Edit: In the scenario that the temperature of a given area increases constantly over 30 million years (slowly enough for species to adapt) starting at 20°C and ending at 90°C, what are the possible species' evolutions in order to survive?
This question has a very large scope so here are some presicion.
Why an area?
I'm talking about area and not about an entire world in order to ignore any heavy climatic modification that would cause very abrupt change. For example, pole melting that would cause a flood.
Well, I'm interested in plants, animals as well as humans but I'm not interested in technological evolution, only biological.
Which temperature are we talking about?
Well, I don't have any precise temperature, but I'd like temperatures higher that what we usually find on Earth. This means starting at 40°C and rising until life is no longer possible. One limit of temperature for life (as we know it) is water's boiling temperature (usually around 100°C). But water's boiling point depends on pressure. If pressure goes up, so will the boiling point.
Edit: Let's assume that the final temperature achieved is 90°C.
Edit: What is the time frame? I don't really know what timescale to use, but since you want it let's use human evolution timescale. Based on Wikipedia, the first Hominidae appeared 28 millions years ago. So let's say that our temperature increase slowly and constantly during 30 million years.

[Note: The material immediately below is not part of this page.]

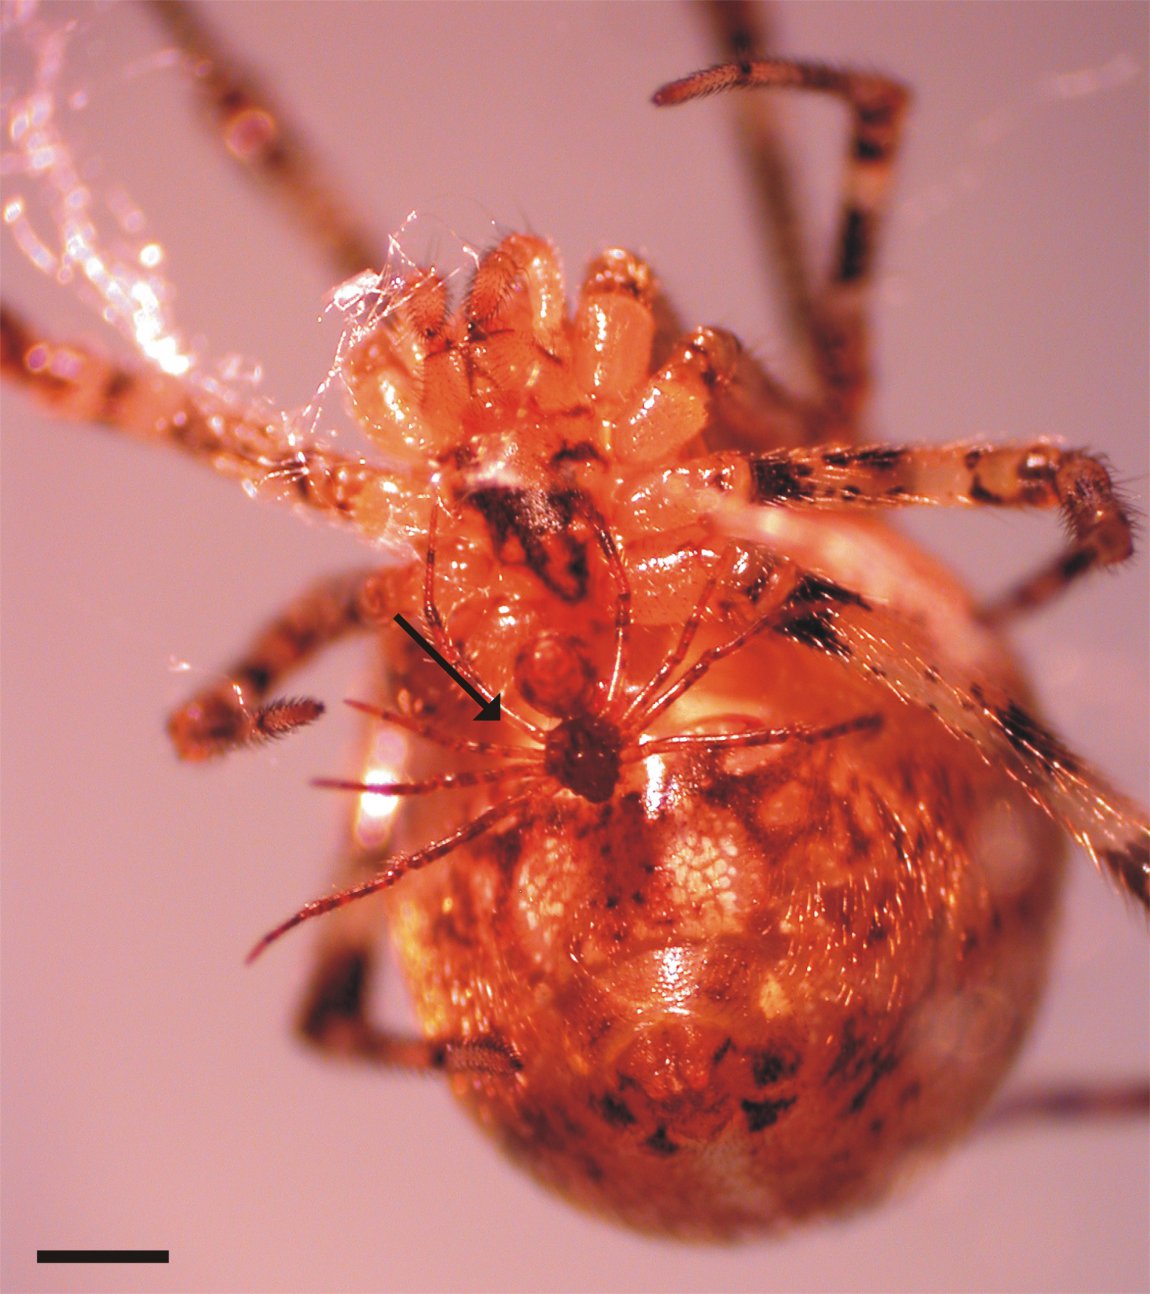 Male and female Tidarren spiders. Image credit: Margarita Ramos

Also, my question concerns a global elevation of temperatures at all time (day and night) and at the surface.
On Earth, the highest tempeature are usually achieved in arid or desertic areas. During the day, temperature can go up to 50°C or more but during the night, temperatures drop significantly. That's why wildlife is nowhere to be seen during day and very active during night. This huge gap between day and night temperature made desertic wild life not a good example to answer my question.
If you want some precision that I've not given, feel free to comment.